Generally, a somewhat ambitious attempt is made to engage the cinematic arts against all odds on location, and while the results are clumsy here and there, good and interesting compositions often abound. That is quite an accomplishment with a huge camera under real constraints in that era.



Here is where the film shines and Kino is to be applauded very loudly, because the 3D in this film actually does EXACTLY what it is meant to do; it makes you feel like you are there in a dangerous theater of war. Distances are emphasized for suspense effect in which expert marksmanship at long distances is needed to save lives. 3D, conversely, conveys the intimacy as the soldiers sweat it out. A few 3D novelty shots, silly in the overall scheme of things, work at least partially; shots of tanks rolling up with the barrels coming off the screen and into your face at least make you glad you’re not the enemy.

In a few opening shots, the 3D more or less vanishes, and while the right and left are indeed offset, there is no difference in foreground and background perspective – this I double-checked carefully. Additionally, It appears likely that at least half a reel of the right eye material halfway through the film was lost to posterity, because for several minutes the film is simply offset 2-D, when suddenly the magic of fully-realized 3D appears once again. This is distracting but not terrible considering the age of the film.

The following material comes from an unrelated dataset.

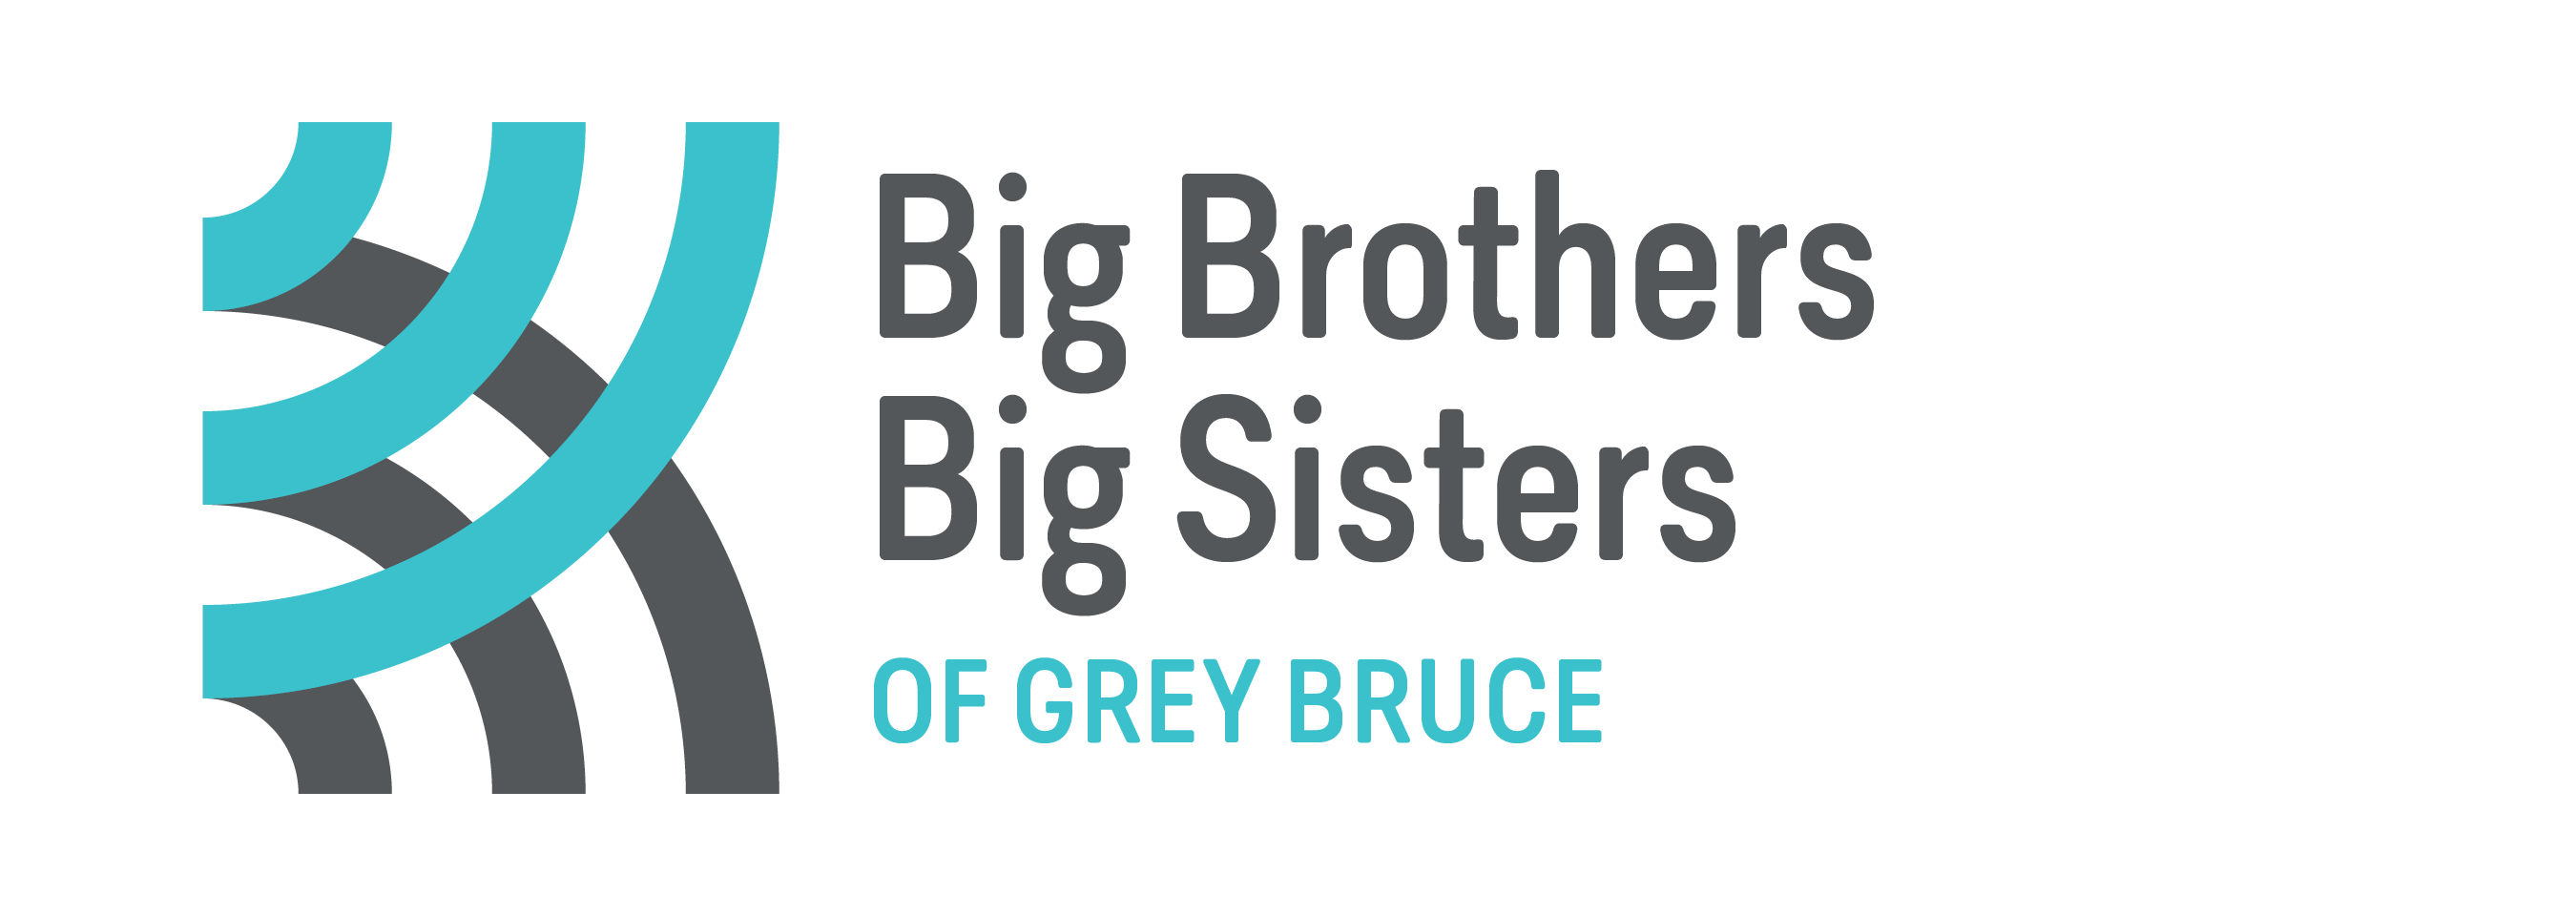 BIG BROTHERS BIG SISTERS OF GREY BRUCE logo

While the 3D unit itself was an obvious two-camera/prism system, it was apparently not easy to move around.  A certain Captain Brooks wrote at the time, “…. one look at the size and the bulk of the 3-D camera told us this would be a project of some extra proportions. … we found the best way to move the camera was to carry it on an M-39 armored personnel carrier, which is built like a tank but has a flat back and an area for carrying personnel.  This vehicle was found to be best because it could carry the camera smoothly and carefully…  The heavy steel-plated vehicle is a convenient moving ‘foxhole,’ in the event artillery rounds are encountered, and also offers fair protection against anti-personnel mines…”

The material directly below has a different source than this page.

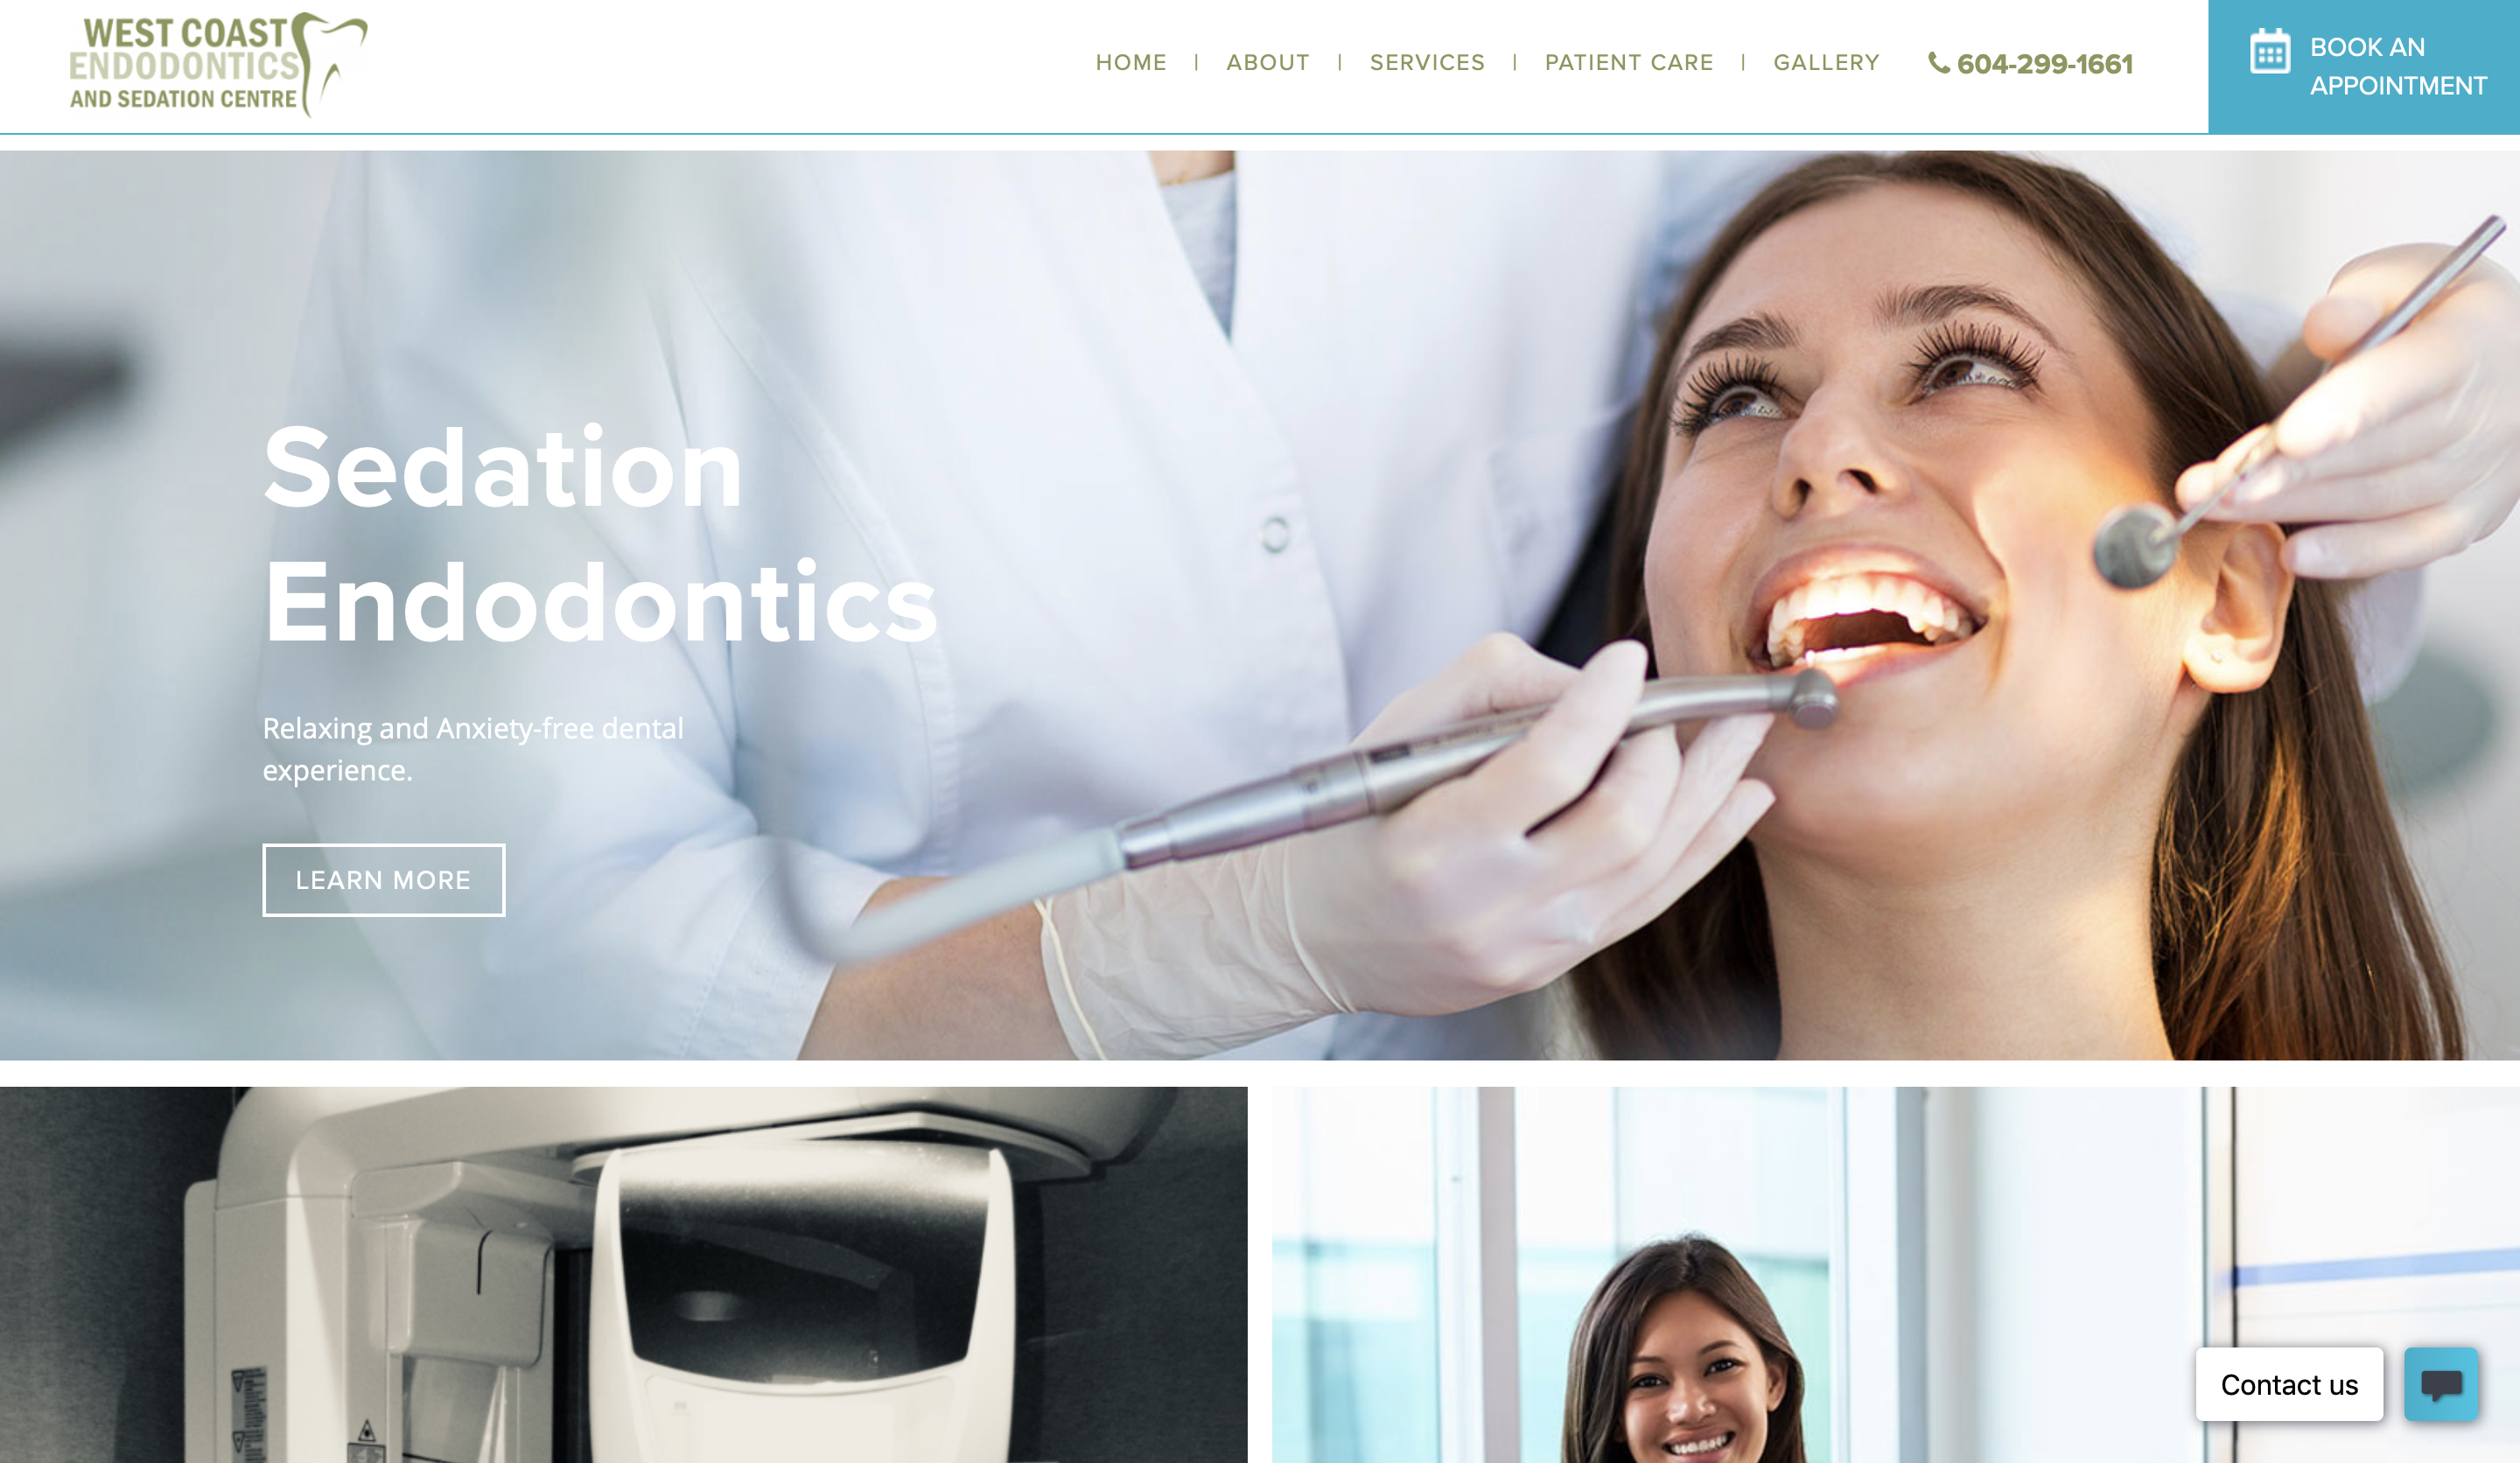 West Coast Endodontics and Sedation Centre

For 3D geeks, yes, as you are likely anticipating from all of the above, the 3D falls into the illegal zones in the foreground occasionally and there is some noticeable crosstalk here and there. If you have a problem with those things considering the age of the film, then you have no appreciation for history. In many ways, I found that the 3D flaws continued to enhance the realism, like harsh lighting and grainy film has always enhanced the gritty realism of conventional low-budget motion pictures.

The movie got rave reviews at the time for its realism and deserved kudos for using 3D effectively. While this reviewer only somewhat agrees with the overall rave reviews of the time,  this reviewer agrees completely with the kudos regarding the use of the 3D in Cease Fire. It really is a “you are there” 3D motion picture as described.

I was looking forward to this Blue Ray but for the wrong reasons; only for 3D historical personal interest and expected to dislike the actual movie, itself. Very happily, Cease Fire turns out to be unexpectedly recommended as an original experience. If what is described here sounds like your cup of tea, from interest in documentaries to war films, in 3D, 2D or just a unique movie experience, get it from Kino Lorber before it’s gone. For better or worse, in my opinion, there isn’t another motion picture from that era quite like it.